Sweat can be measured for chloride, sodium or both. Chloride concentration provides greater discrimination and is more popular in the United States.


Reagents and supplies:

(1) acid diluent (glacial acetic acid plus concentrated nitric acid)

(2) gelatin reagent with pH indicator, usually with pink indicating acidity

(3) chloride calibrators, 1.0 mmol/L and 50 mmol/L

(4) low and high chloride controls

(5) preweighed gauze or filter paper

(6) paraffin wax film

(7) clean, dry vials

(8) powder free gloves



(1) sweat collection instrumentation for providing pilocarpine iontophoresis

(2) chloridometer (for coulometric titration)

(3) accurate analytical balance sensitive to 0.0001 g


Specimen collection:

(1) Using preweighed gauze or filter paper is placed over the site of the positive electrode and covered with paraffin film to prevent evaporation.

(2) For complete details on specimen collection, refer to the NCCLS document.

(3) After sweat collection, the gauze or filter paper is removed and reweighed.

(4) The increase in weight corresponds to the volume of the sweat collected. The relative density of sweat ranges from 1.001 to 1.008.

(5) The sweat is then eluted from the gauze or filter paper using a volume of Type I water.


Test vial types, prepared in duplicate:

(1) blank vial

(2) gauze or filter paper blank vial

(3) calibrator vial

(4) test vial

(5) low control vial

(6) high control vial


Each vial contains:

(1) 3 mL of acid diluent

(2) 1 mL of fluid based on vial type:

(2a) Type I water for blank vial

(2b) test eluate for patient vial

(2c) control eluate for control vials

(2d) gauze or filter paper eluate in gauze or paper blank vial

(2e) calibrator solution for calibrator vial

(3) 4 drops of gelatin reagent


Chloride measurement:

(1) Chloride is measured on each test vial type prepared in duplicate.

(2) The result for each vial type is the average of the two readings.


Quality Control:

(1) amount of sweat collected: At least 0.075 grams of sweat should be collected when 2x2 inch gauze is used.

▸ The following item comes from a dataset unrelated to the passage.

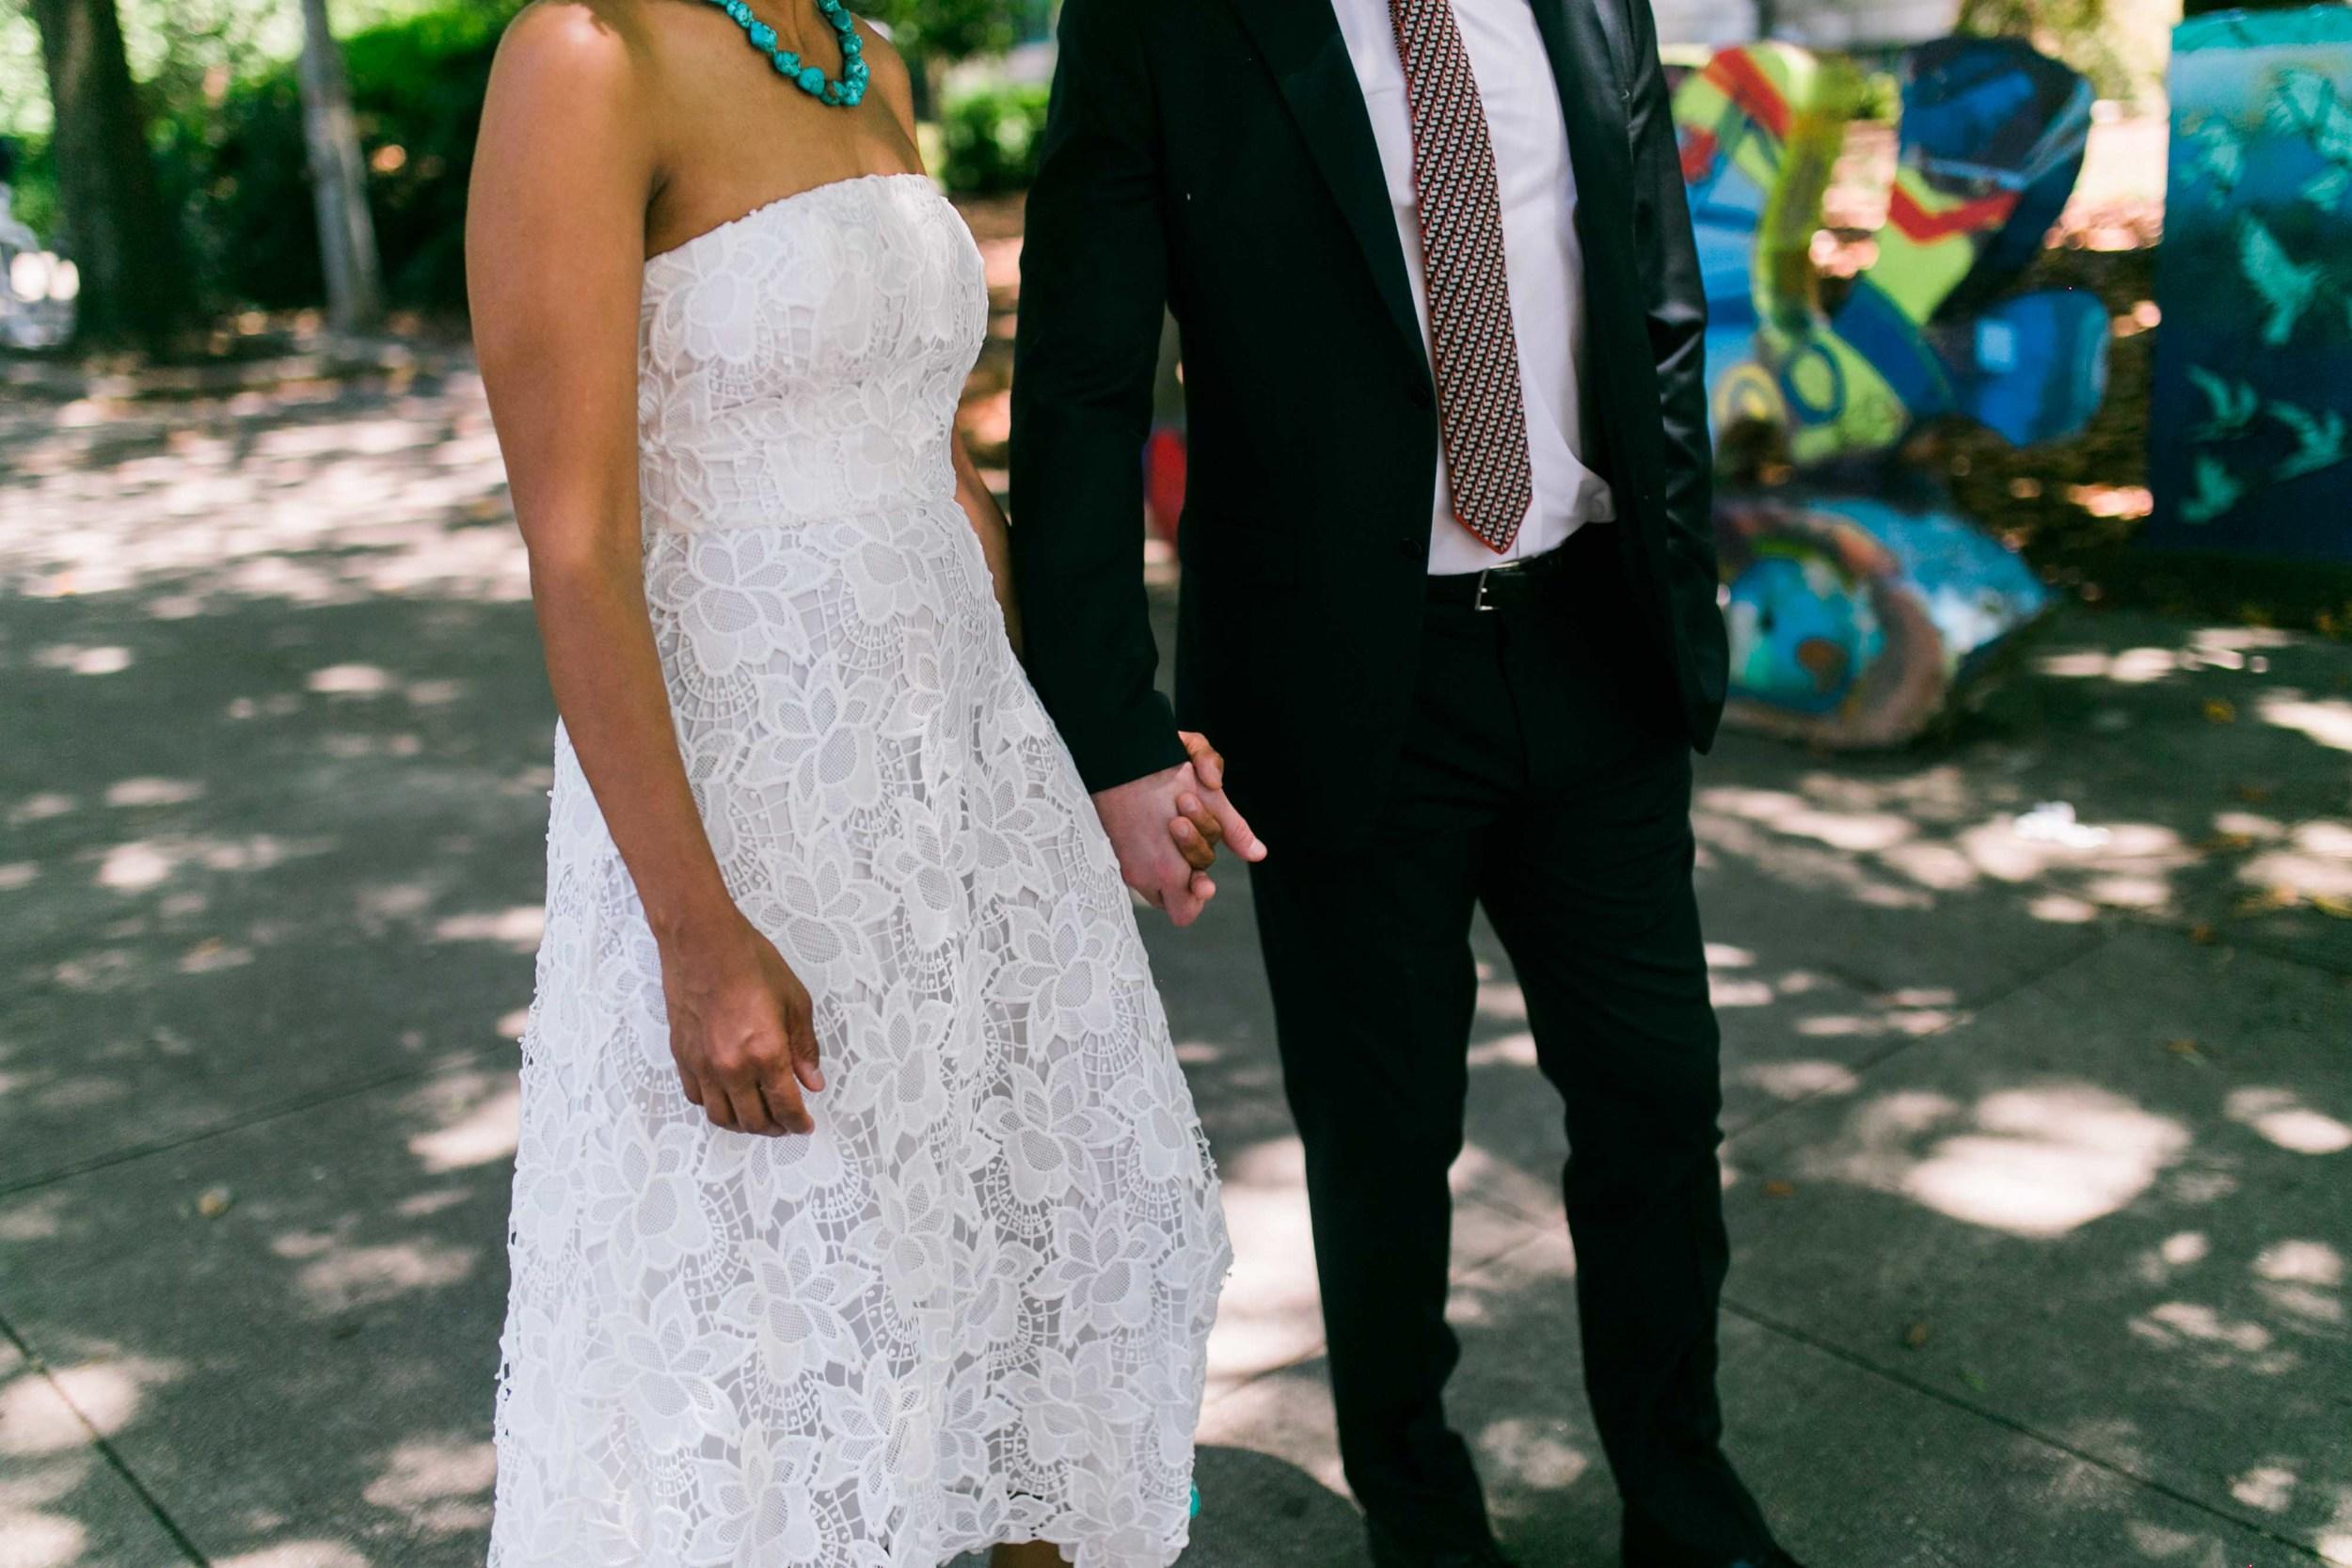 Dekalb-County-Courthouse-Wedding-Photos-Kiyah-C-Photography-54.jpg

(2) weight of control vial: Usually 100 µL of control is added to the gauze in the control vial. The difference in weight of the vial after addition of the control solution from that before should be 0.1 gram +/- 2%. If the weight differs significantly from this, then the pipet and scale should be checked.

(3) color after addition of gelatin reagent: The solution's acidity is indicated by a pink color after 4 drops of gelatin reagent are added to the diluted sample. Do not titrate if the pink color is not present.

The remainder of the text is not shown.